The issue is general – but for AMD GCN it shows up first as this one always uses LLVM's linker.

It is also not really a "workaround" for a bug. GCC on purpose does not repeat the flags for .section in order to reduce the huge assembler file size one gets with -ffunction-sections.

MaskRay added a comment.EditedDec 14 2020, 10:19 AM

@burnus Looks like you did not mention https://gcc.gnu.org/bugzilla/show_bug.cgi?id=97827 in the initial review. From the linked thread
https://gcc.gnu.org/pipermail/gcc-patches/2020-November/559572.html

Richard Sandiford's comment makes a lot of sense to me: "(a) doing something that works “everywhere” unconditionally (and keeping things simple) vs. (b) having both code that takes a shortcut and code that doesn't take a shortcut and trying to predict which one we should do."

I am now feeling a bit bad that reviewers did not receive full discussions before making a decision to accept the fix or workaround (depending on how the GCC community reacts). If they do want to fix 11, we might not need this patch or we could say this was for GCC before 11, making a better description.

@burnus Looks like you did not mention https://gcc.gnu.org/bugzilla/show_bug.cgi?id=97827 in the initial review.

The link is in https://bugs.llvm.org/show_bug.cgi?id=48201 from the very beginning, and that bug was linked in here.

@burnus Looks like you did not mention https://gcc.gnu.org/bugzilla/show_bug.cgi?id=97827 in the initial review.

The link is in https://bugs.llvm.org/show_bug.cgi?id=48201 from the very beginning, and that bug was linked in here.

OK my bad (I don't regularly see "See Also"... ) I've sent https://gcc.gnu.org/bugzilla/show_bug.cgi?id=97827#c9 . I'll follow up with GCC folks there. I don't subscribe gcc-patches so it will be a bit inconvenient for me if most people comment on the mailing list instead...

OK my bad (I don't regularly see "See Also"... ) I've sent https://gcc.gnu.org/bugzilla/show_bug.cgi?id=97827#c9 . I'll follow up with GCC folks there. I don't subscribe gcc-patches so it will be a bit inconvenient for me if most people comment on the mailing list instead...

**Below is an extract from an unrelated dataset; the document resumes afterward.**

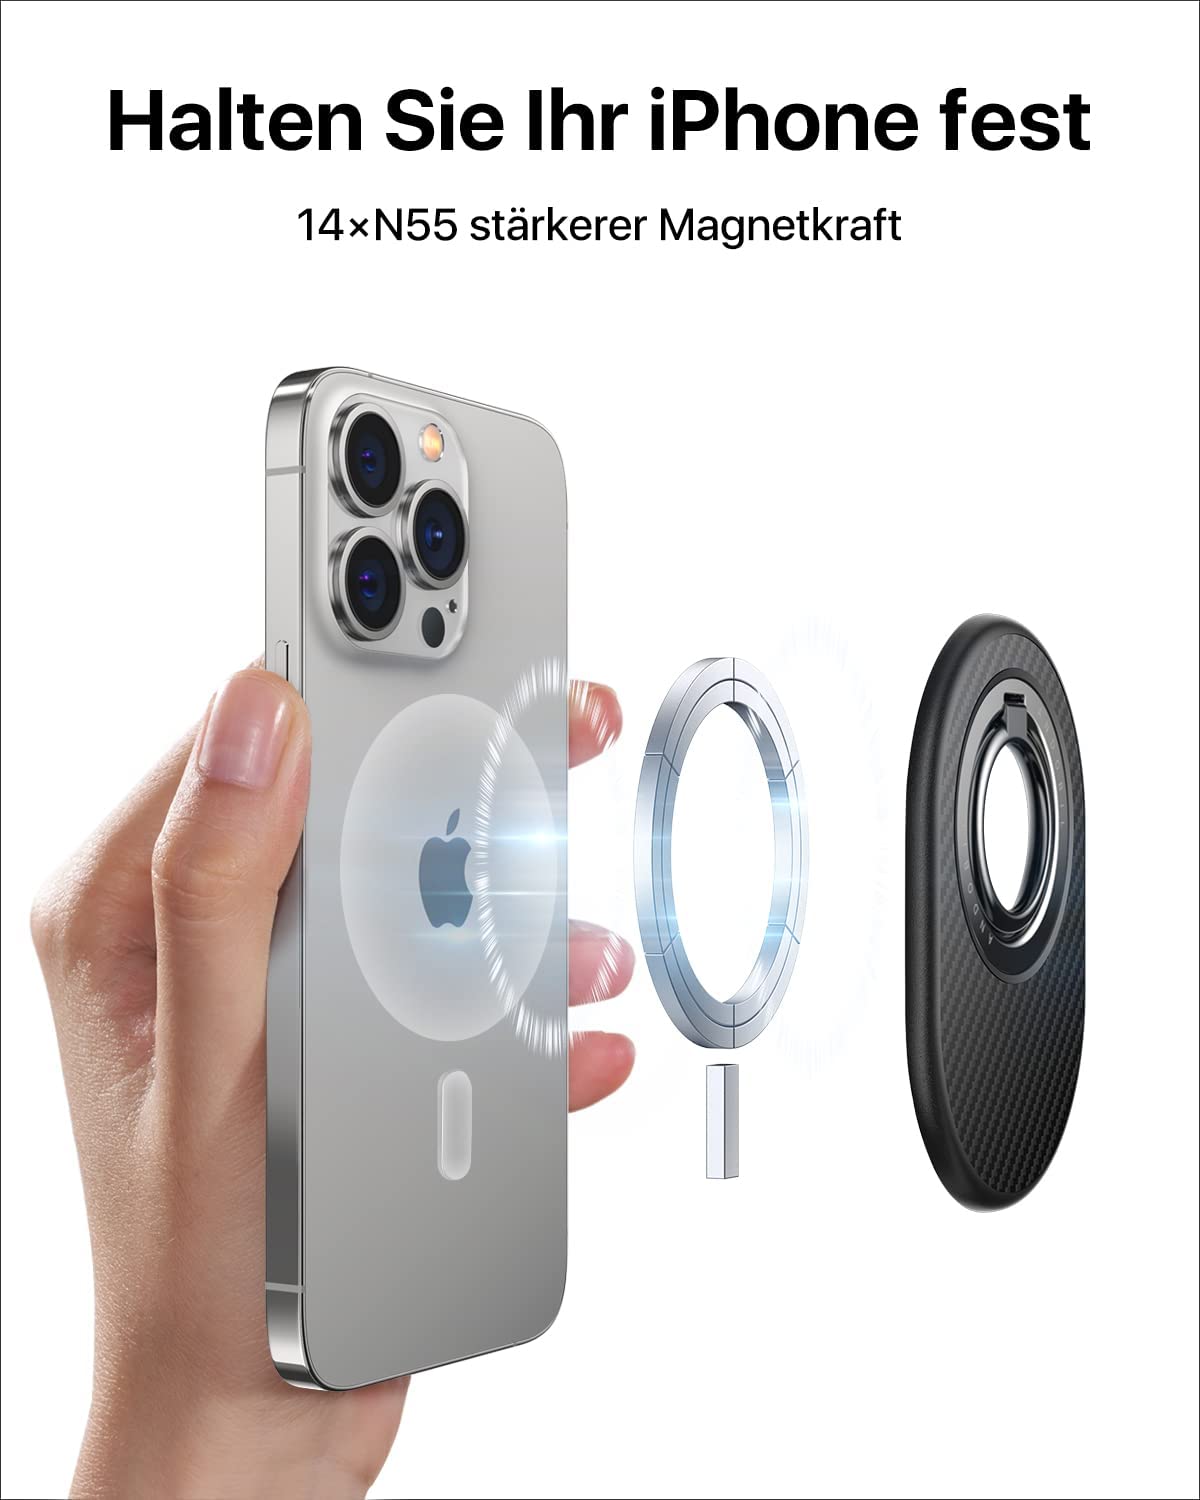 Andobil Magnet Handy Ring Halterung (MagSafe kompatibel) für…

There is nothing GNU as specific on it, all assemblers I'm aware of behave like that.
See e.g. https://docs.huihoo.com/solaris/2.4/801-6649/801-6649.pdf
"If section_name is a non-reserved section, attributes must be included the first time it is specified by the.section directive."
you can search for others. It isn't solely about what GCC emits either, there is a lot of hand-written assembler code in the wild and that also uses the documented .section directive behavior.
I'm strongly against changing what GCC emits here.

OK my bad (I don't regularly see "See Also"... ) I've sent https://gcc.gnu.org/bugzilla/show_bug.cgi?id=97827#c9 . I'll follow up with GCC folks there. I don't subscribe gcc-patches so it will be a bit inconvenient for me if most people comment on the mailing list instead...

There is nothing GNU as specific on it, all assemblers I'm aware of behave like that.
See e.g. https://docs.huihoo.com/solaris/2.4/801-6649/801-6649.pdf
"If section_name is a non-reserved section, attributes must be included the first time it is specified by the.section directive."
you can search for others. It isn't solely about what GCC emits either, there is a lot of hand-written assembler code in the wild and that also uses the documented .section directive behavior.
I'm strongly against changing what GCC emits here.

Thanks for chiming in :) OK, I am happy to keep this logic.

@tstellar It should be a good candidate for backporting.